If Marc was suggesting that the bride’s family might have demanded a node-tie as a condition of the alliance... well, I wanted to claim such a thing was impossible, but even though the truth-telling enchantment around the castle didn’t affect me, I still couldn’t say it. At this point, I wasn’t willing to call anything impossible. “You’ll tell me if there is anything of interest?”

His lips curved upward. “I know the terms of my contract, Your Grace.”

I suspected I didn’t know the terms as well as I should. Marc was hiding things from me, and though he had to share certain information, I now worried that other secrets could slip through. If I couldn’t rely on him, then I’d have to dig around on my own. Except Marc was in the castle specifically because hunting through the archives was nearly impossible for me at present.

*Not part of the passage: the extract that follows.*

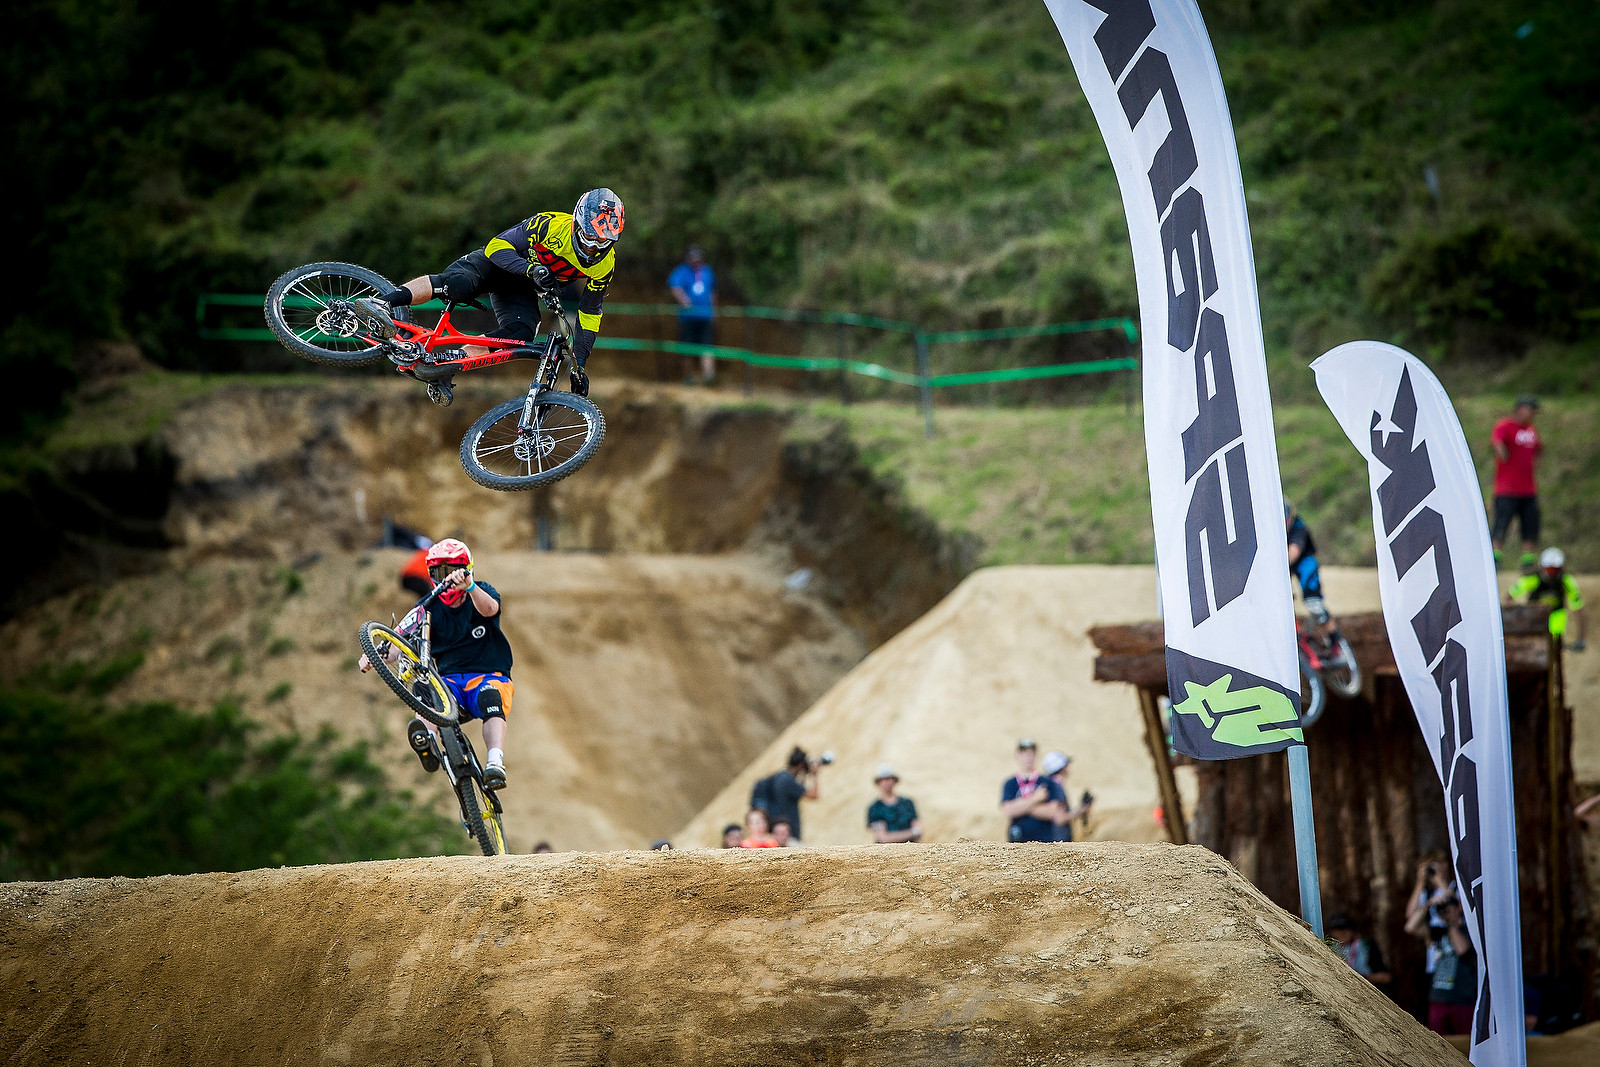 George Brannigan - Whip Off Madness from Crankworx NZ - Mountain Biking Pictures - Vital MTB

I could pull Isa in to help me. I knew she didn’t like me and didn’t want to help me, but she had less freedom than Marc. My earlier guilt, almost forgotten as I worried over the secretary, came roaring back. In an instant, I made a decision. My choice might condemn me to life as a cat, but at least I’d be able to live with myself.

I sat up once more. “Well, I hope the scrolls prove worthwhile, but they’ll have to wait. I came to see you for a reason. With Isa staying at the castle, we will need more supplies. I want you to go into Leort tomorrow to stock up. First, though, I need you to write out a contract to take with you.”